When you take away all the superficial trappings of girlhood, what shines through is authentic femininity. You can put a girl in khakis, and she is still a girl. It’s unmistakable. The way women speak, and interact, and joke around is distinctly feminine – across cultures, across generations, girls will be girls and boys will be boys, no matter our setting and our outward trappings.

In a single-gender troop, absent the attraction and social pressure of the opposite sex, there is no question of whether a scout is being his or her “real” self in the group.

 

What’s the Point of Scouting for Girls?

Traditional gender roles don’t come from nowhere. Men are, on average, larger and stronger than women. Women are uniquely endowed with the ability to conceive, bear and nurture young children.

In an earlier time, not every man became a father and not every woman became a mother (still true today), and yet the capacity for fatherhood or motherhood informed our understanding of manhood and womanhood. A firm confidence in one’s innate identity as male or female provided a base of security. You could be large, strong, rugged, no-frills, adventure-seeking woman – and still have no doubt you were a woman.

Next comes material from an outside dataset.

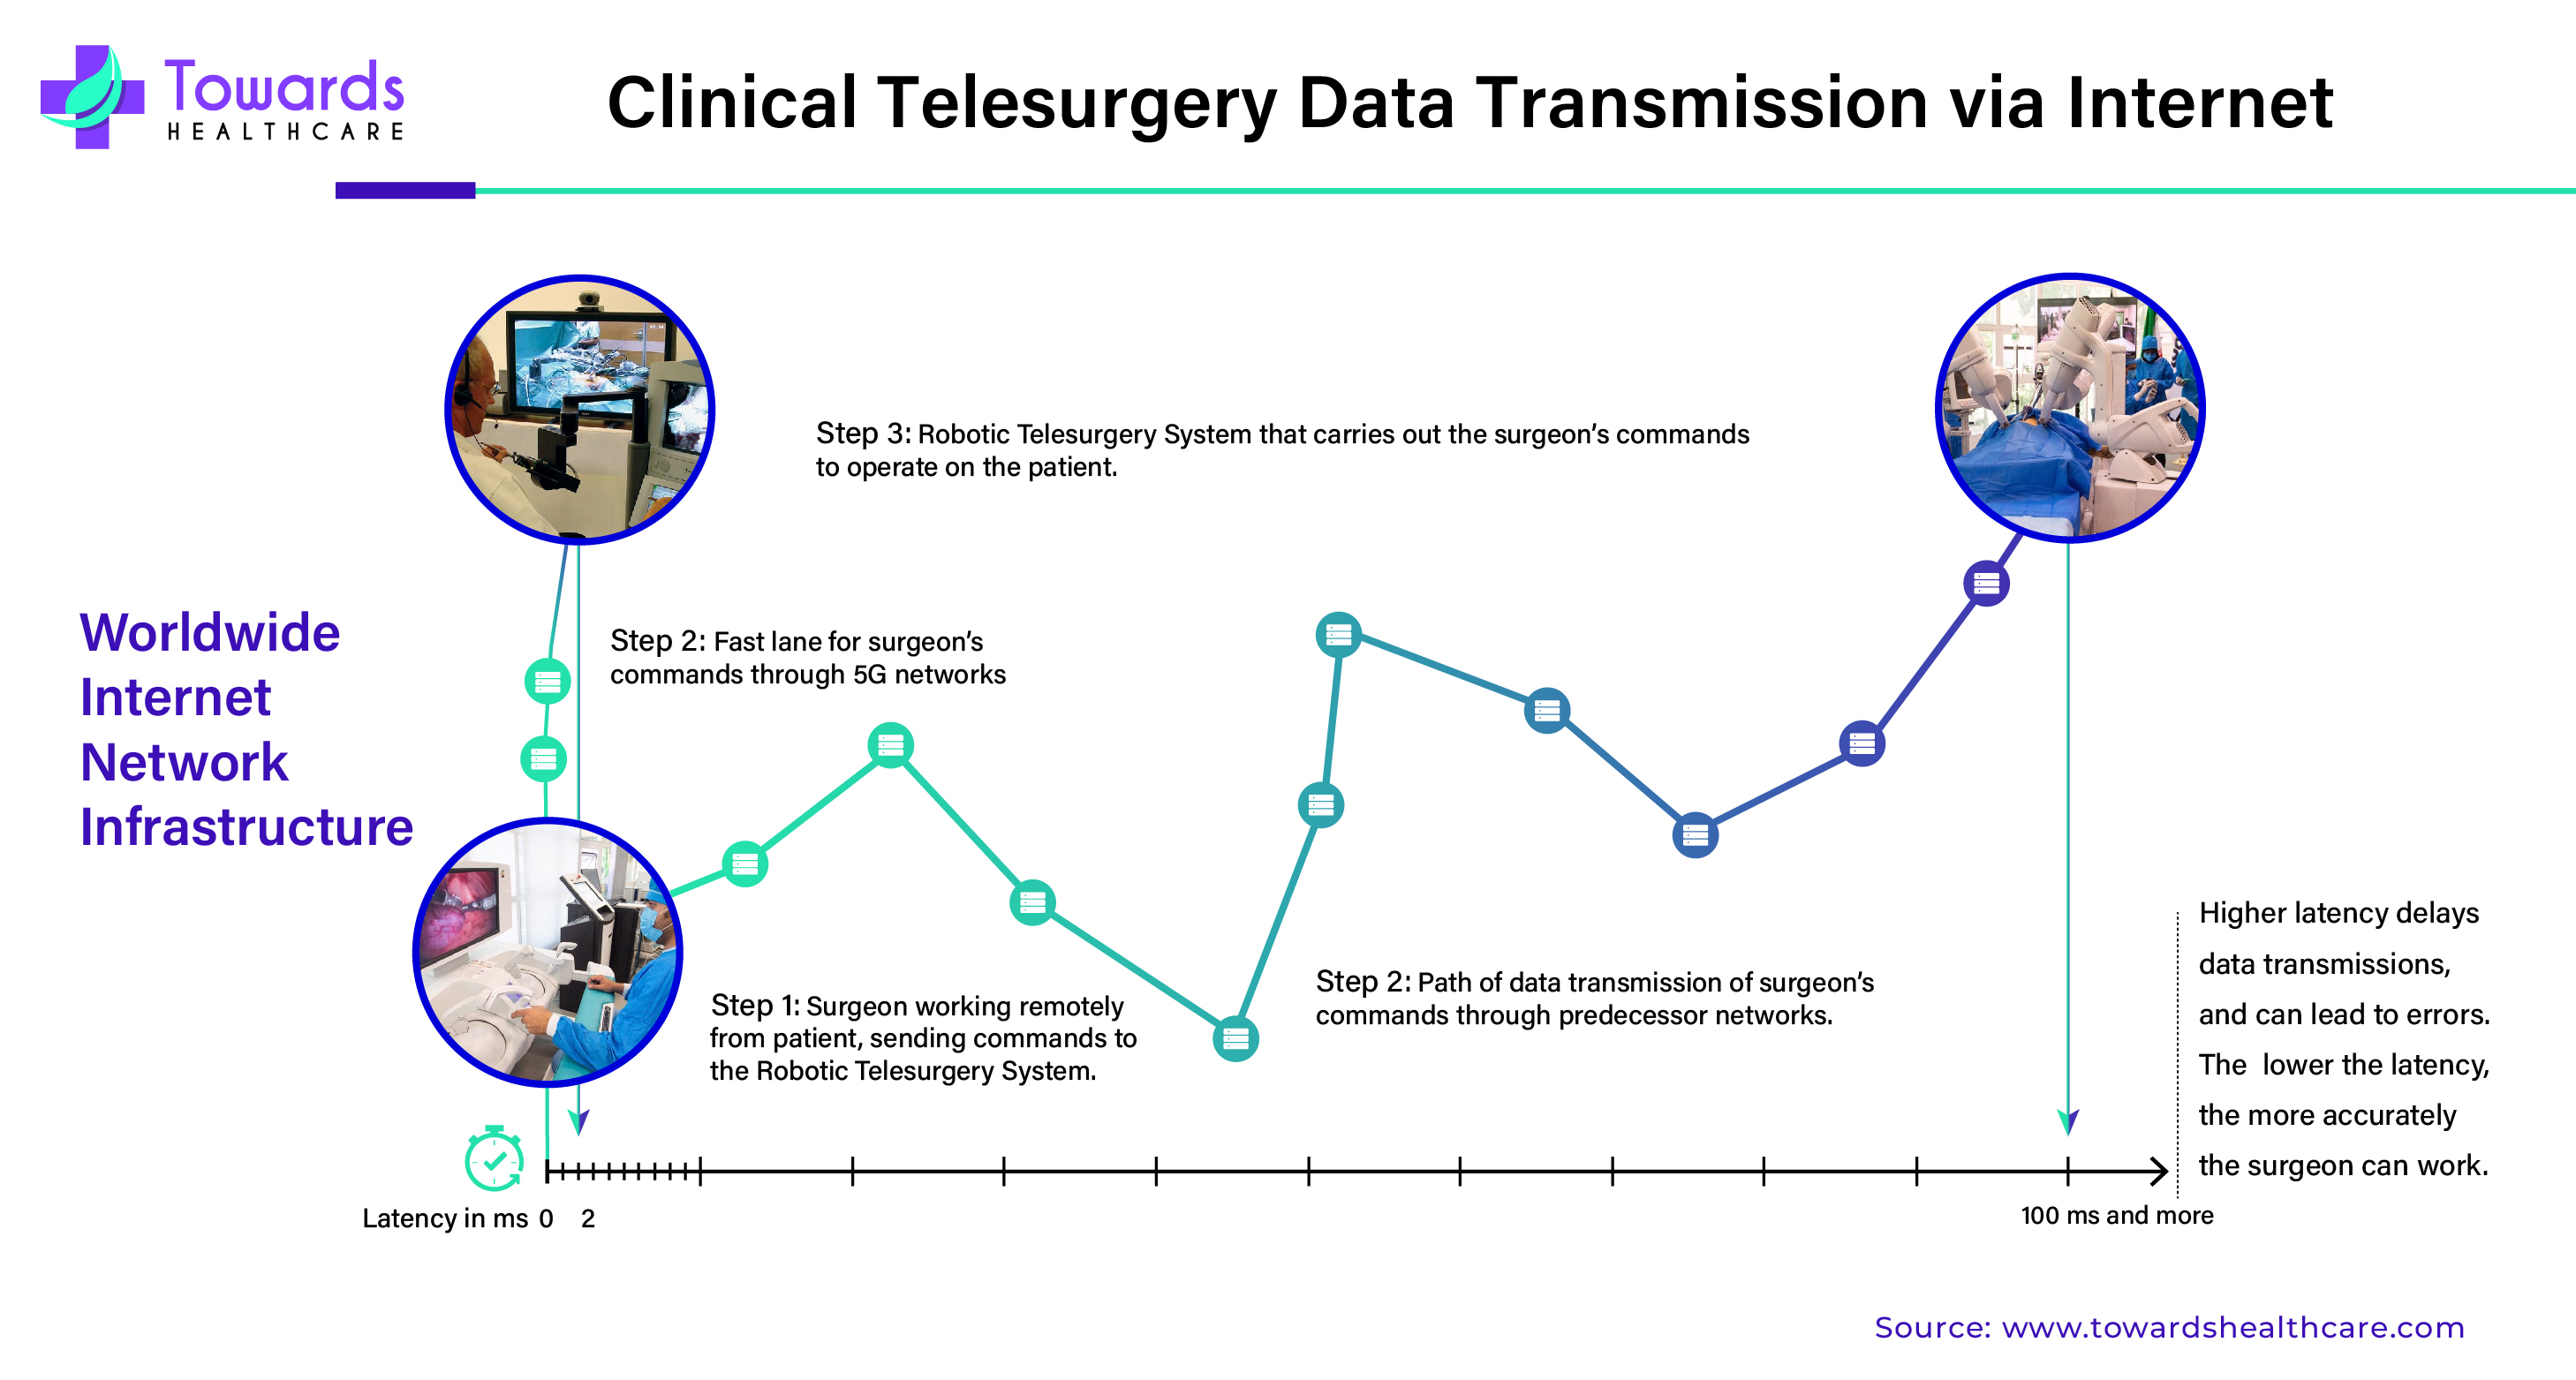 Clinical Telesurgery Data Transmission via Internet

Today we lack that security. We lack that firm foundation. Having despised motherhood and fatherhood, we are left to define gender by stereotypes. When a girl doesn’t fit the stereotypes, she is encouraged not to reject the stereotype but to reject her very self. Online questionnaires encourage her to decide not that she needs to pursue her own interests, but that she needs to destroy her body in an effort to fit a different set of stereotypes.

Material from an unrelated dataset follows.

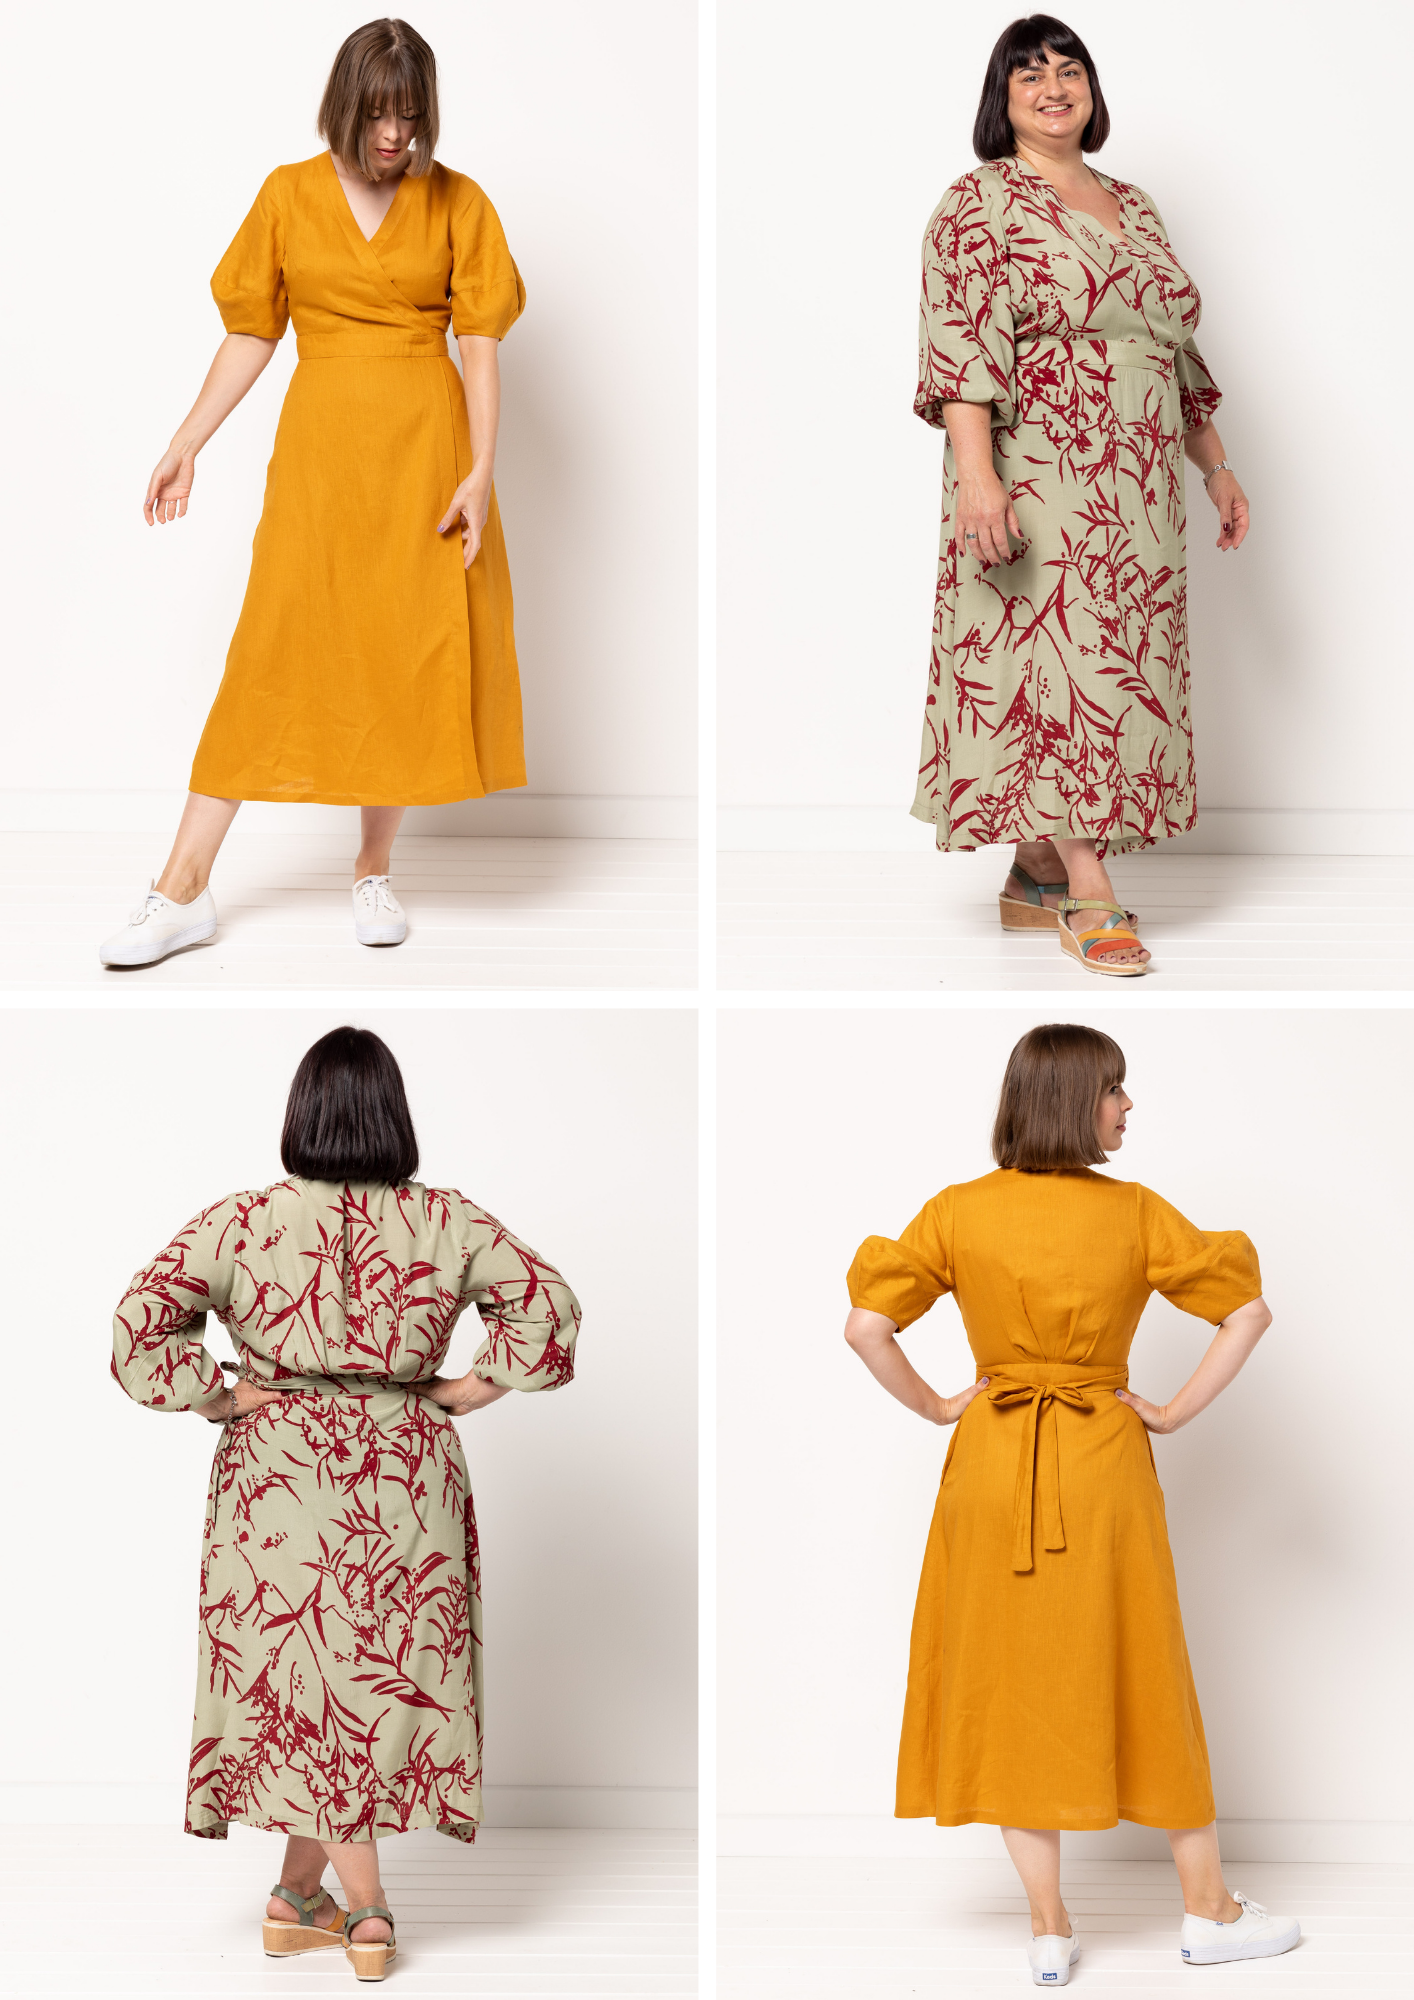 New Release Pattern - Millicent Wrap Dress

BSA’s single-gender scout troops are offering a different path. You can be a girly-girl who wants to try something new, and slip your eye shadow into your pack as you head out to the woods. You can be a rough-and-tumble girl who wants to take on high adventure, and find a group of girls who want to do it with you – no need to pretend you’re one of the boys just to do something fun. You can be any girl of any size and ability, and find leaders who only know how to do one thing: Hold kids accountable to high standards of personal responsibility.

I’m sorry our society has reached the point where the Boy Scouts are taking the last stand for authentic femininity, but I’m sure glad they’re doing it.